Setelah kejadian itu, Iwan tak menyerah dengan keadaan fisik yang sudah tidak sempurna seperti sediakala. Ia tetap bersemangat dalam menjalani kehidupan. “Sekarang saya di Brebes buka servis komputer yang saya beri nama Bombom Komputer. Saya berharap nama bom kan besar, dasyat. Saya berharap usaha sata seperti bom itu,” harapnya.
Kata Iwan, hidup itu seperti tukang dan tempat parkir. banyak motor dan mobil di area parkir. Ketika mobil itu diambil oleh pemiliknya maka itu hanyalah titipan.
Pada kesempatan itu, Ketua FKPT Banten Rumiaah Kartoredjo mengatakan seminar untuk mengoordinasikan antara pemerintah, para penegak hukum TNI Polri dan insan media massa.
“Seharusnya acara ini akan dilakukan di bulan depan. Ternyata allah berkehendak lain, kondisi Banten saat ini sedang ada permasalahan teroris maka kami laksanakan hari ini,” katanya.

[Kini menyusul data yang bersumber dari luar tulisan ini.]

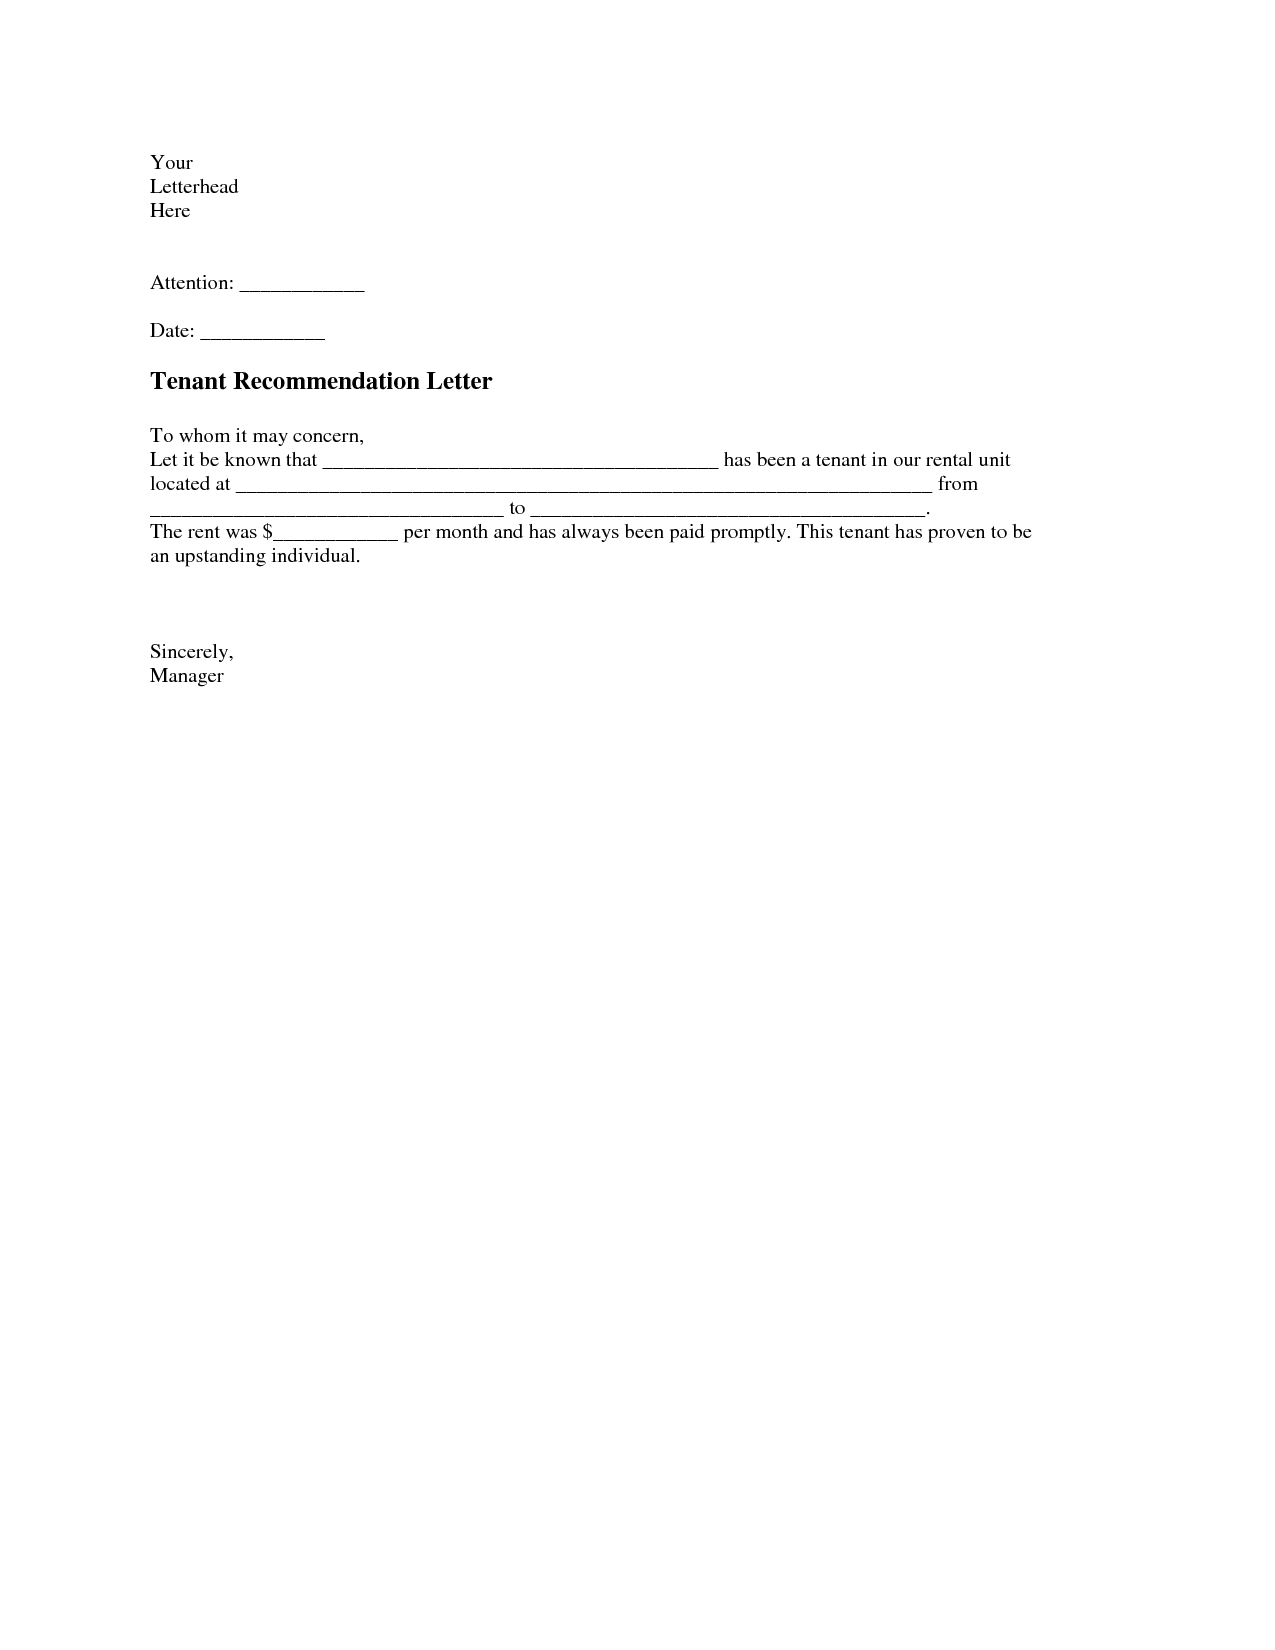 Tenant Recommendation Letter A Tenant Recommendation intended for size 1275 X 1650

Desiminasi tersebut, lanjut Rumiah, juga untuk melakukan pencegahan. Semoga tidak makin bertambah jaringan terorisme di Banten. “Agar Banten tidak lagi menjadi tempatnya produktif calon radikalis, sebagai pelaku atau perakit. Kita harus berkoordinasi dengan humas polri tni dan media. Intinya untuk melakukan pencegahan jangan sampai membuat mereka lebih hidup lagi,” ujarnya.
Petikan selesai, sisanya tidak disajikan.